- Leader: Peter A. Sule
- Founded: 2002
- Headquarters: Juba
- Ideology: Liberalism
- Colours: Rainbow colours
- National Legislative Assembly: 0 / 550

= United Democratic Front (South Sudan) =

Political party in South Sudan

The United Democratic Front (Juba Arabic: جبهة الديمقراطية المتحدة Jabhet Al-Dimoqratiyet Al-Mutahedat) is a political party in South Sudan. It is led by Peter Abdurahman Sule. The party was previously represented in the Interim National Assembly of Sudan and the South Sudan Legislative Assembly, where it held four seats.

The United Democratic Front (UDF) party was founded in 2002 by Peter Abdulrahman Sule. It was previously the main opposition party in the country since the Republic of South Sudan achieved its independence in 2011.

In 2011, the SPLM government arrested Sule. He remained in detention for two years without trial. In October 2013, he was released through a presidential amnesty issued by Salva Kiir Mayardit the president of the Republic of South Sudan. After conflict erupted in December 2013, an accord known as the Agreement on the Resolution of the Conflict in the Republic of South Sudan (ARCSS) was signed in 2015 between SPLM-IO, GRSS, Former Detainees (FDs) and other political parties. This agreement did not hold long and the country returned to war again in July 2016

During the negotiations of 2014–2015, the UDF party submitted through email to the IGAD special envoy its position on how the conflict in the country could be resolved. The government responded by confiscating the passport of the party's chairman. He was not allowed to travel to Addis Ababa to attend peace negotiations.

In February 2014, Sule appointed Bona Deng Lawrence as his deputy and dismissed Sebastian Uchan Kiech from his position as deputy chairman.

On 31 December 2014, Sule fled to Uganda, seeking political asylum, which was granted to him and his family members.
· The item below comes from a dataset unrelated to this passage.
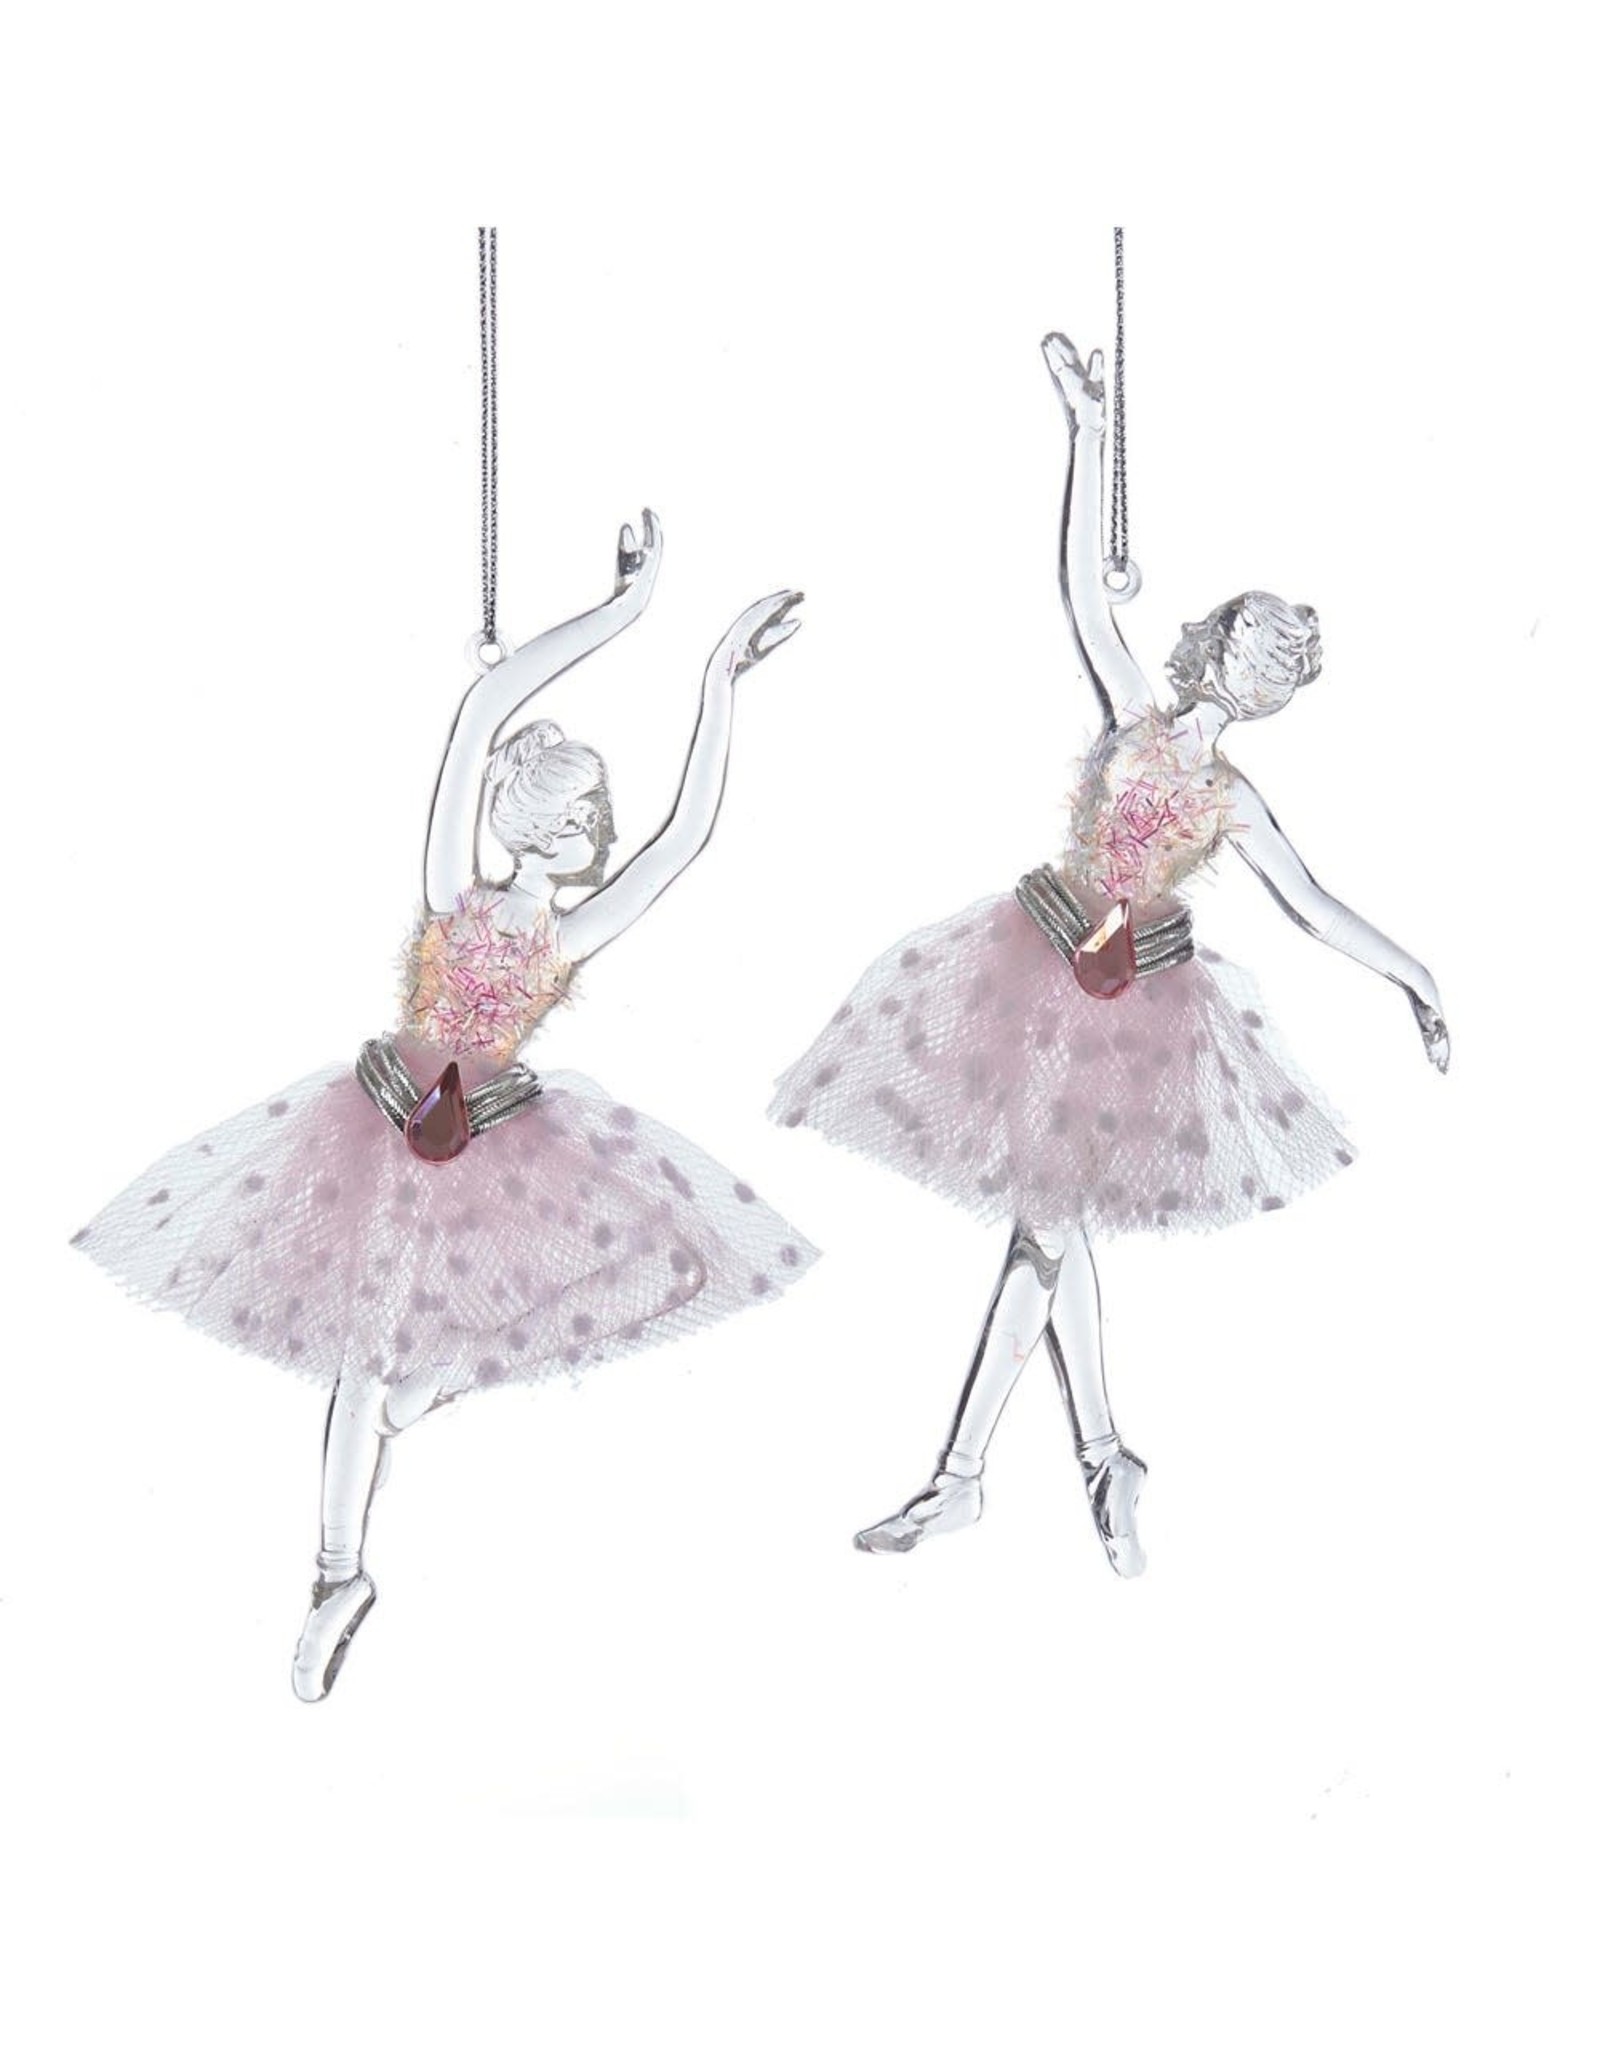 Kurt Adler Clear Acrylic Ballerina Pink Tutu Ballet Ornaments 2pc Set

In July 2015, news of his reported assassination was covered in the media. UDF, under the leadership of Lawrence, participated in the 2018 peace negotiations in both Addis Ababa, Ethiopia, and Khartoum, Sudan. These negotiations resulted in the signing of the Revitalized Agreement on the Resolution of the Conflict in the Republic of South Sudan (R-ARCSS) in September 2018.